1
Identify both legal entities
Enter the full registered legal names of the service provider and the client — not trade names or DBAs. Confirm entity type (LLC, corporation, partnership) and state or province of formation for each.
💡 Cross-check your corporate registry filing before inserting entity names. A mismatched name in a contract can complicate enforcement.
2
Define the scope of services in Schedule A
List every administrative task the provider will perform with enough specificity that a third party could determine whether each task was completed. Avoid broad categories like 'accounting support' — specify 'monthly bank reconciliation, accounts payable processing, and payroll journal entry posting.'
💡 Have the provider draft Schedule A first, then have the client redline it. Differences in that negotiation reveal assumptions that need to be resolved before signing.
3
Set performance standards in Schedule B
Attach a Schedule B with measurable benchmarks — turnaround times, error tolerances, reporting deadlines. Link each standard to a specific service in Schedule A.
💡 If a standard cannot be measured objectively, it cannot be enforced. 'Timely' means nothing; '48 hours from receipt of source documents' does.
4
Complete the fee and payment section
Enter the fee amount, fee type (retainer, hourly, per-transaction), invoice frequency, payment due date, and the late-fee rate. Confirm whether fees are inclusive or exclusive of applicable taxes such as VAT or HST.
💡 State the currency explicitly, especially for cross-border arrangements where USD and CAD, or GBP and EUR, are easily confused.
5
Tailor the confidentiality and data provisions
Define 'Confidential Information' specifically — include financial records, employee data, client lists, and any personally identifiable information the provider will access. Add a data breach notification timeline and any sector-specific compliance obligations (HIPAA, GDPR, PIPEDA).

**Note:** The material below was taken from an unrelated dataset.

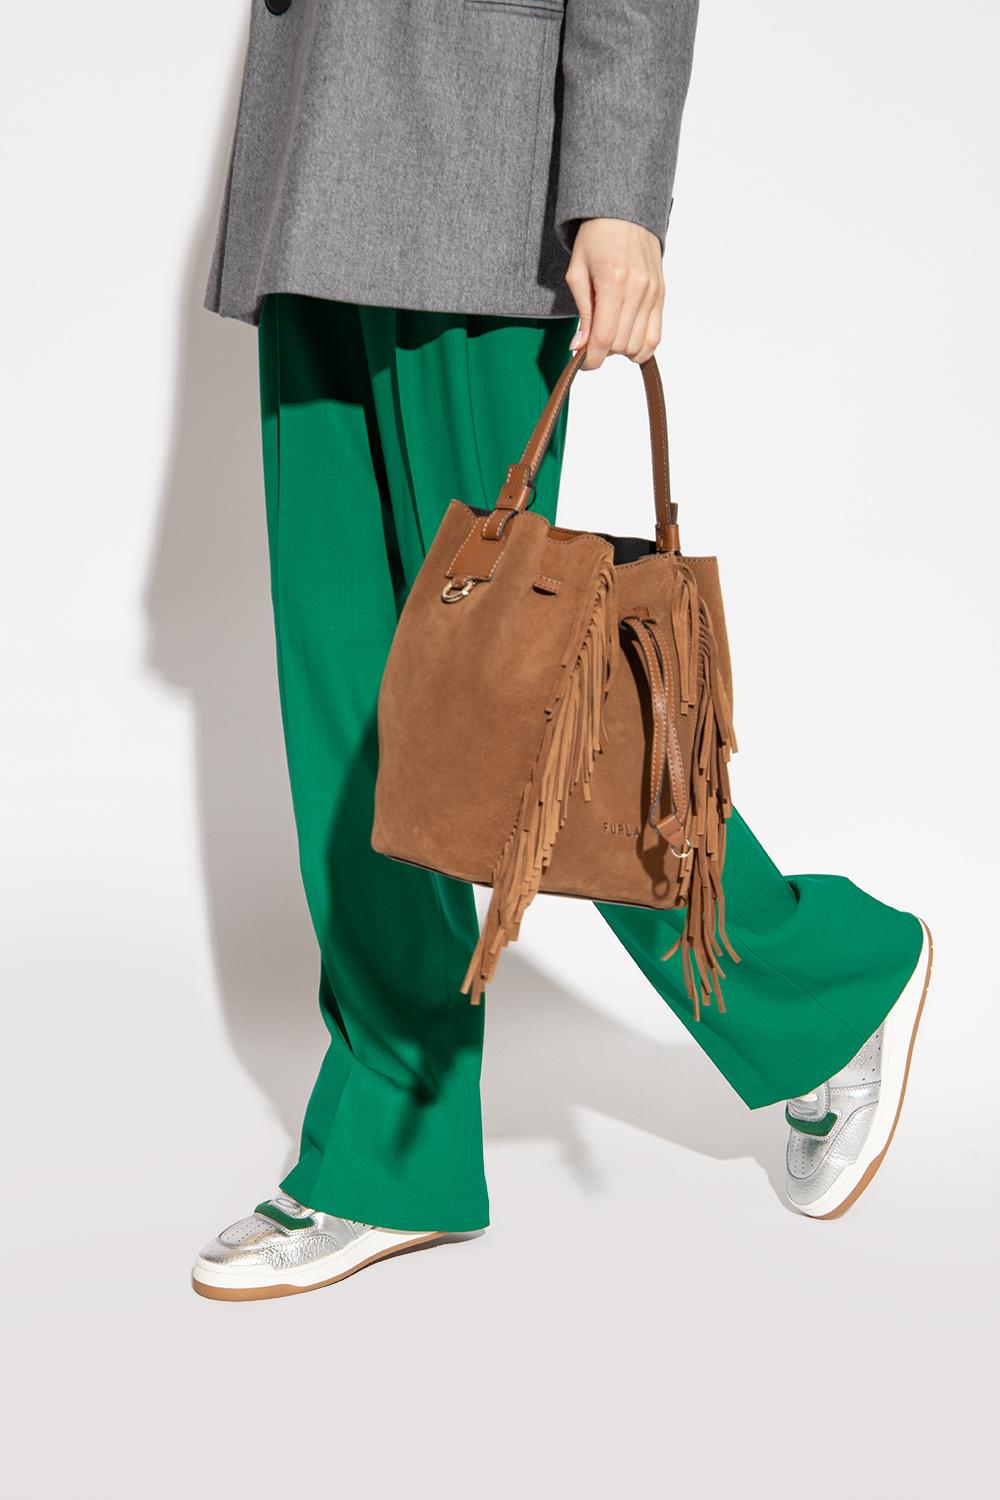 Furla Miastella Small Leather Bucket Bag in Green

💡 If the provider will process personal data of EU residents, attach a Data Processing Agreement as an exhibit to comply with GDPR Article 28.
6
Set the term, notice period, and transition window
Choose an initial term (12 months is standard), set the automatic renewal period, and confirm the notice period for non-renewal or termination. Add a transition assistance period of at least 60–90 days for complex administrative arrangements.
💡 The notice period should be long enough for the client to competitively procure a replacement provider. Thirty days is often too short for specialized administrative functions.
7
Confirm the liability cap and indemnification scope
Set the aggregate liability cap — typically total fees paid in the preceding 12 months — and confirm which categories of loss are excluded from the cap (fraud, willful misconduct, data-breach penalties).
💡 For arrangements involving payroll or tax filing, consider a higher cap or a separate carve-out for regulatory penalties caused by provider error, as fines can easily exceed 12 months of fees.
8
Execute before services begin
Both authorized signatories must sign before the first day of service delivery. Confirm each signatory has authority to bind their entity — board authorization may be required for entities governed by formal bylaws.
💡 Use a timestamped e-signature platform to create an auditable execution record. Store the fully-executed agreement alongside the Schedules as a single PDF.